I am fitting a Neural network model using TFrecords and keras. I have a relatively big dataset which is pretty heterogeneous. I already used the shuffle my dataset during the training of the model like in the documentation exemple :https://keras.io/examples/keras_recipes/tfrecord/ (but can't shuffle all because it would cost too much memory) and I also separated my dataset into small shards each of equal size.
However I have reasons to think that this "approximate" shuffling is not enough and I also think that feeding already shuffled data would increase training speed.
So now my question is: After I have separated my dataset into Tfrecords shards, Is it possible to efficiently make code that takes randomly 2 shards, load them, shuffle them and then rewrite 2 shards (which are now shuffled between two shards). So that I can repeat this process a lot of time, which would result in correctly shuffled TFrecords files.

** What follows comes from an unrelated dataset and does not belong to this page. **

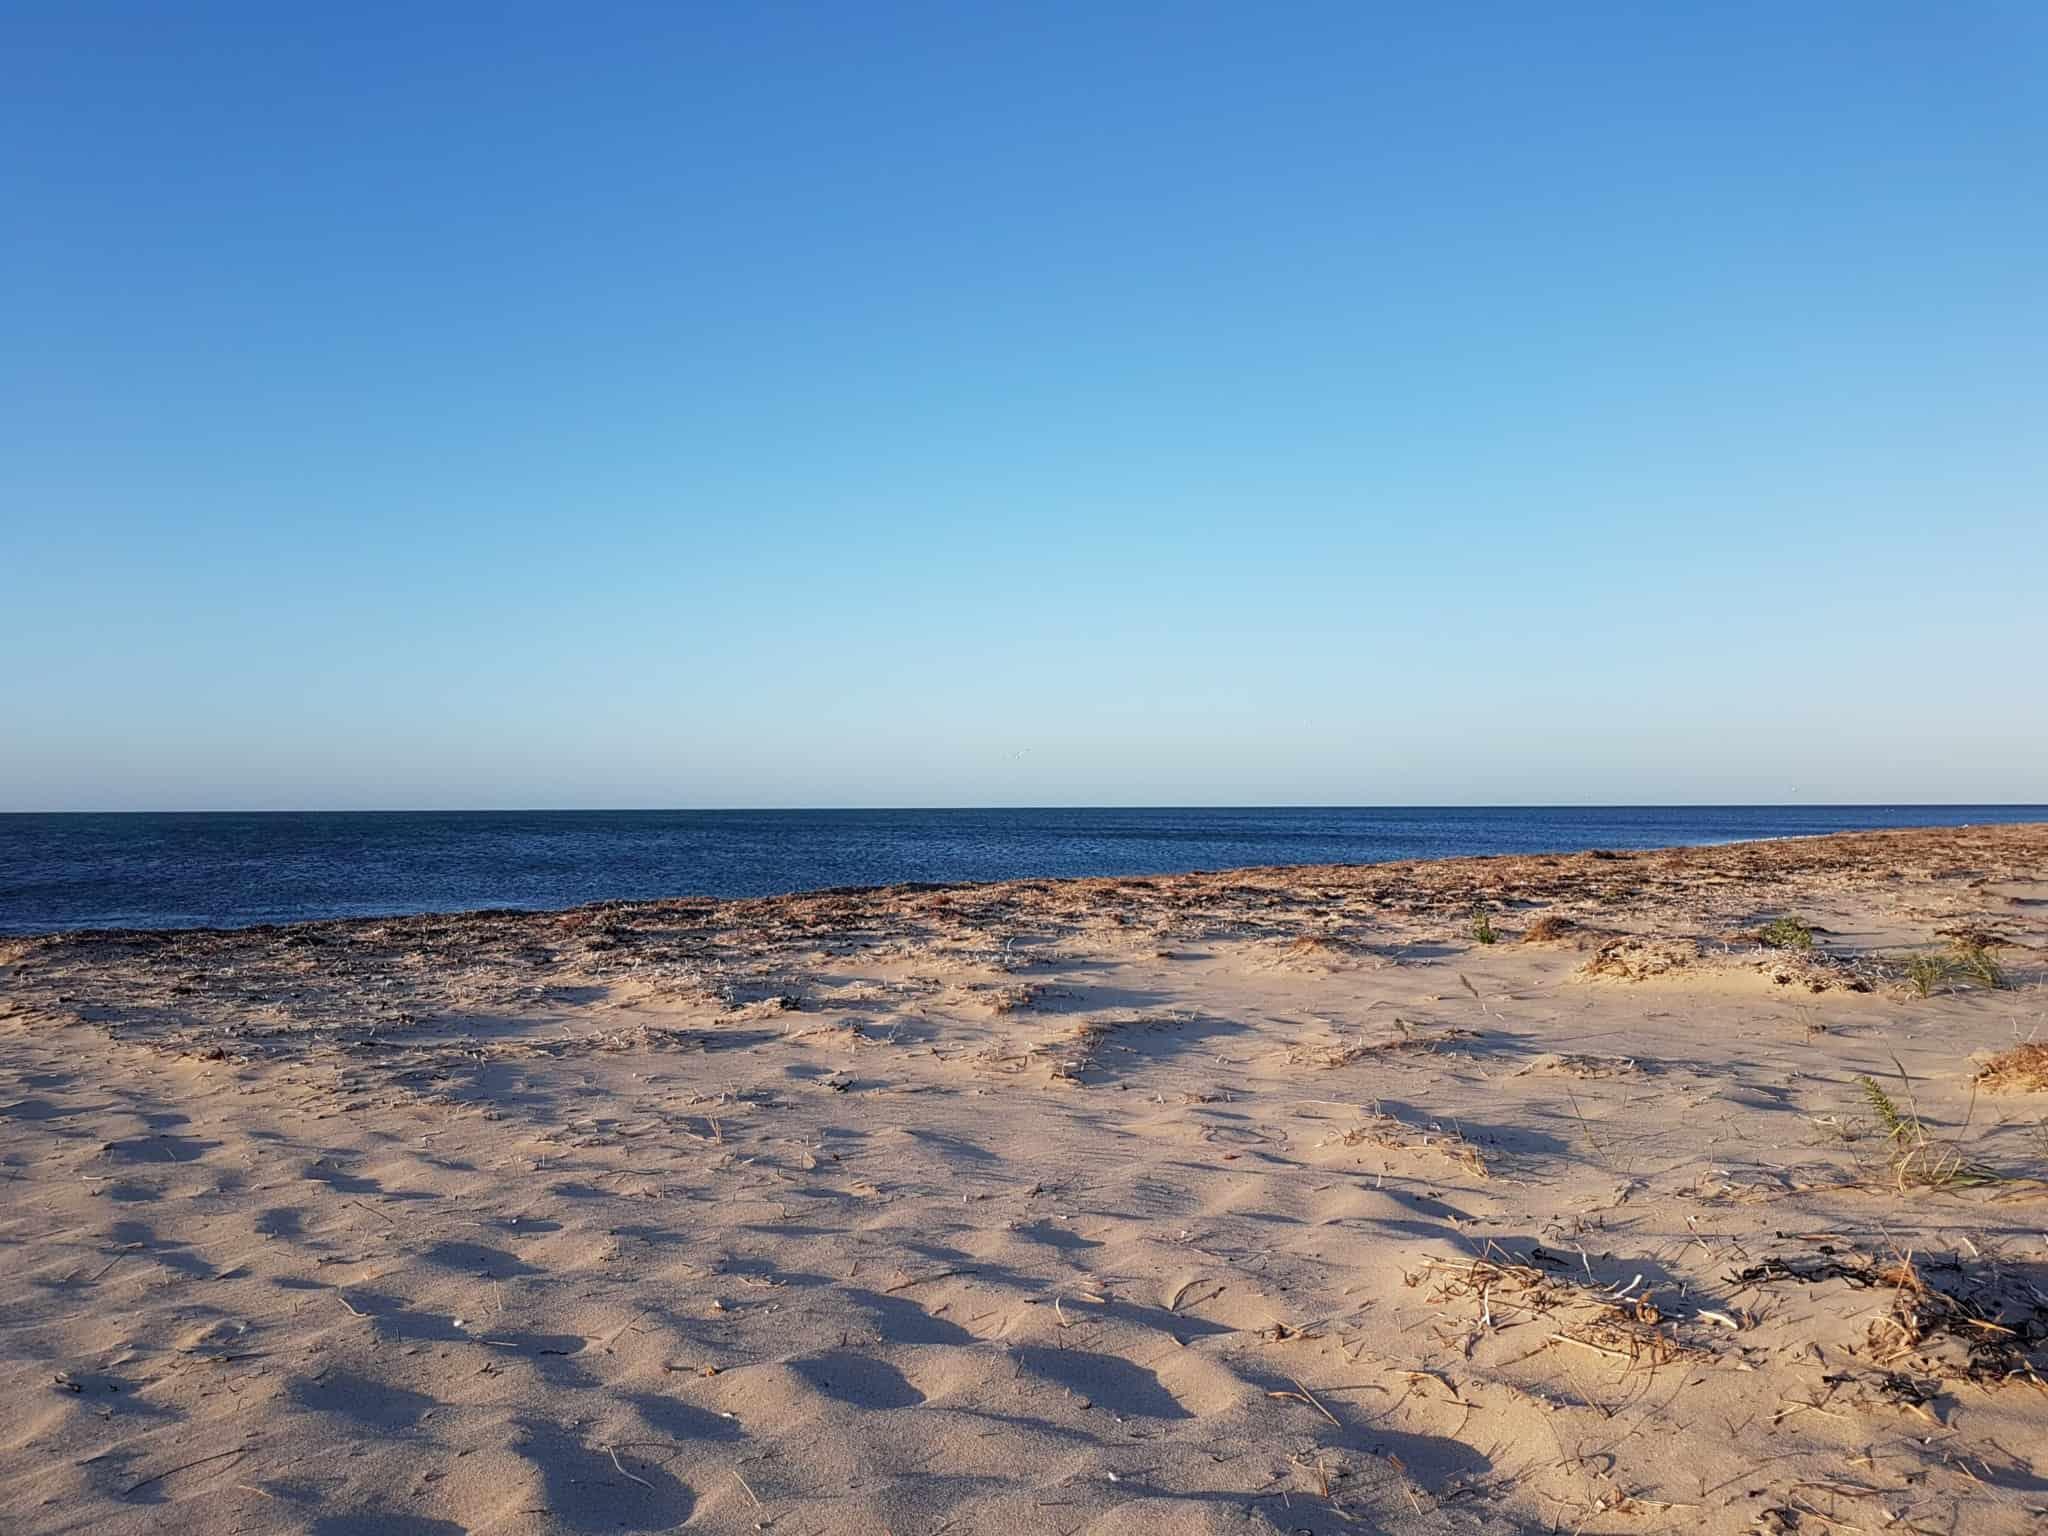 Australie, on loue une voiture pour faire la Great Ocean Road 🚗 18

More precisely, I take 2 shards: shard1.tfrec and shard2.tfrec, load them into one tf.data.dataset, shuffle it, and then output 2 shards of equal size again.
That might not answer your question directly, but I would like to address this point:
The number 2048 in the shuffle call is the buffer size, i.e., the number of elements held in the memory buffer from which elements will be randomly selected. You can reduce this number drastically for a better memory efficiency.
This will not be completely random, however. Even less so than having a buffer size of 2048. See
tf.data.Dataset.shuffle
.